Still working on the Secu... (13 Feb 2003)

Still working on the Secure NFS thing. Been looking at a couple of kernel patches:

Firstly, epoll. This used to be known as /dev/epoll, but it's now a set of system calls and is merged into 2.5. Patches are on that site for 2.4.

This is basically a replacement for the poll system call (though it is edge-triggered, not level-triggered) and, as the results on the webpage show, works much more quickly for large fd sets. I still have some worries about some multithreading issues with this, but it looks like I'm going to use it.

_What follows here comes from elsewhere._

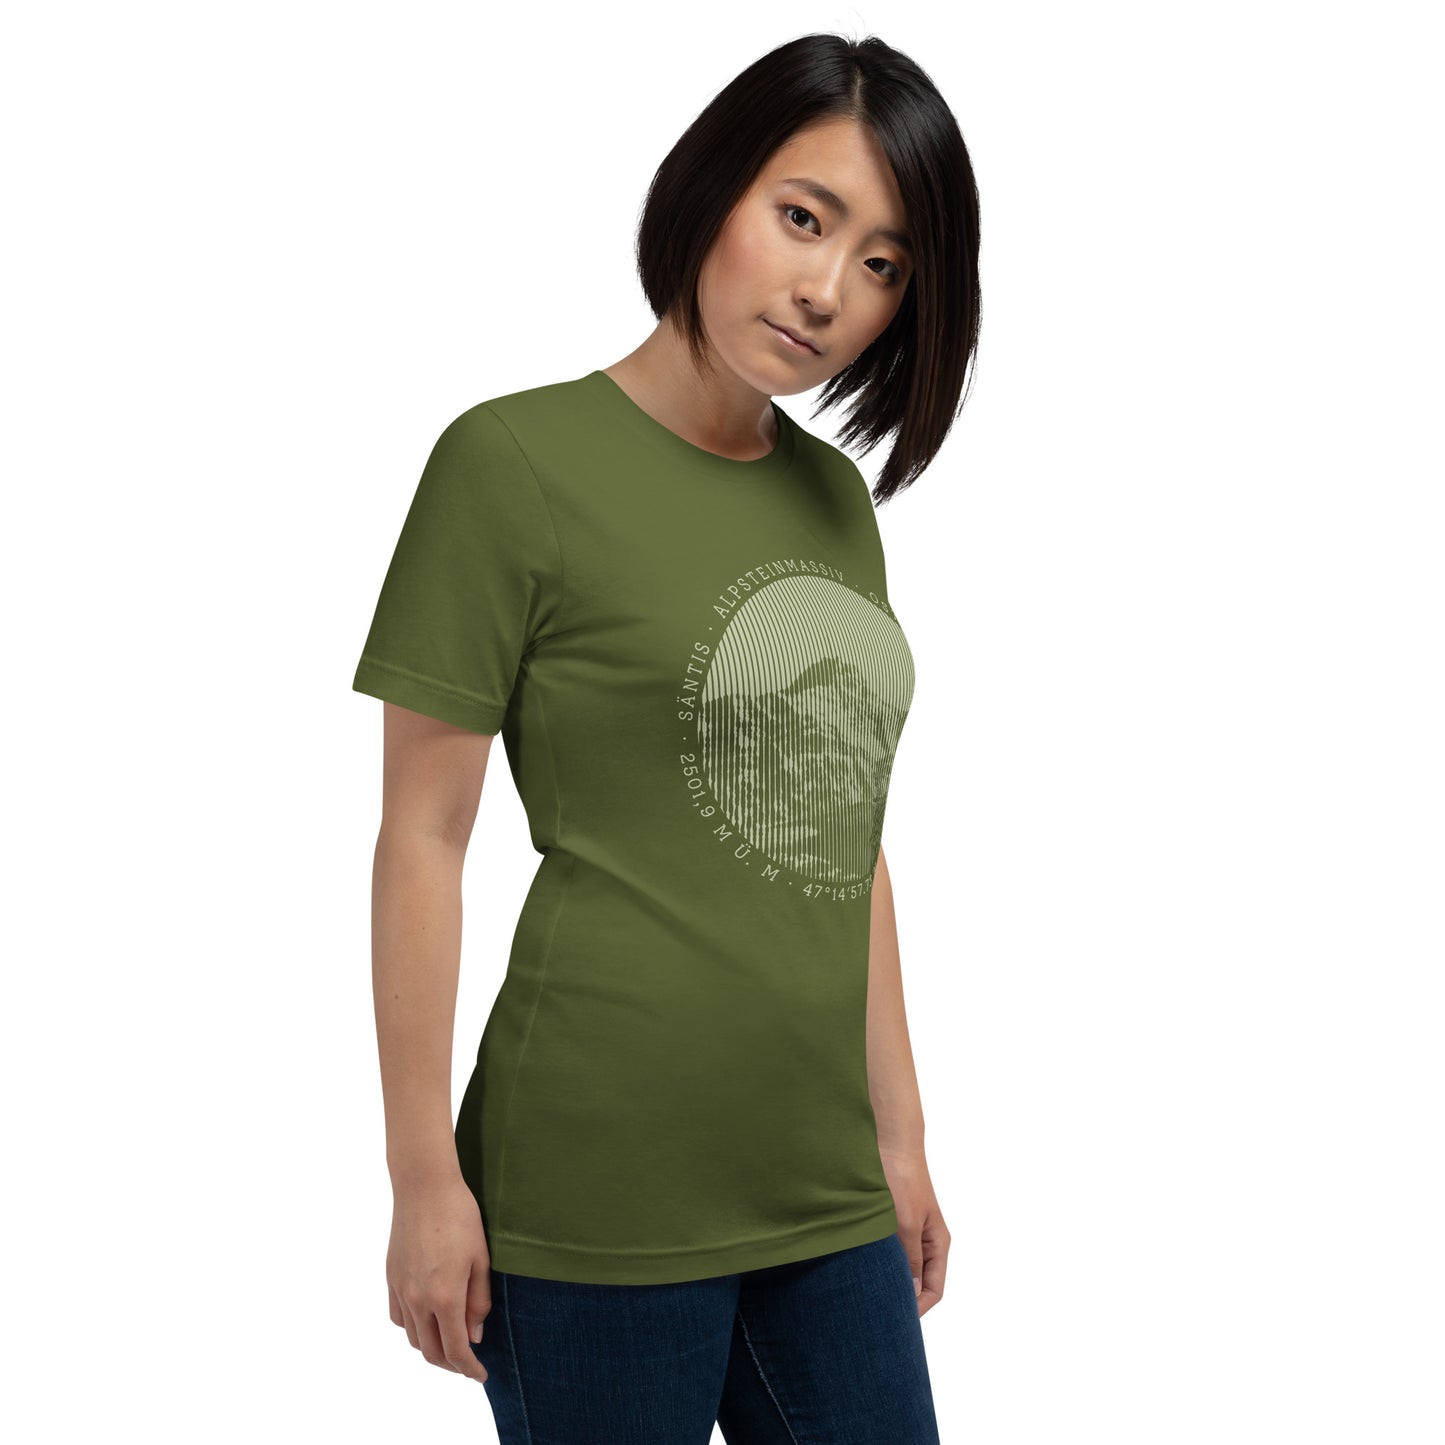 Diese Naturfreundin trägt ein olivgrünes Damen T-Shirt von Vallada mit einem Aufdruck des Säntis-Gipfels. Dieses T-Shirt ist ein Ausdruck ihres Enthusiasmus für die Region des Alpsteins.

Secondly, the Kernel Mode Linux patch. This runs processes in the kernel address space, making system calls much faster. Results from my computer are 286 cycles/getpid from user-land and 6 cycles/getpid from kernel-land. This would be nice to have (see below) but, unfortunately, it seems to cause random crashes in (at least) vim and xmms.

To explain why fast system calls would be really nice, consider: My current numbers for the amount of processing I'm going to be doing is 250MB/s in 300 byte packets. That's somewhat pessimistic, but that's what I'm going on. That about 830,000 packets/second. If a system call takes 400 cycles (the 286 figure is for getpid, other system calls do a little more work and with the TBL flushes, it's at least 400) that's 330 megacycles of system calls per second (for 1 system call per packet). But it's going to take more than one system call per packet even with funky vector IO so, basically, I'm looking at about 600 MHz just for system calls. Ouch.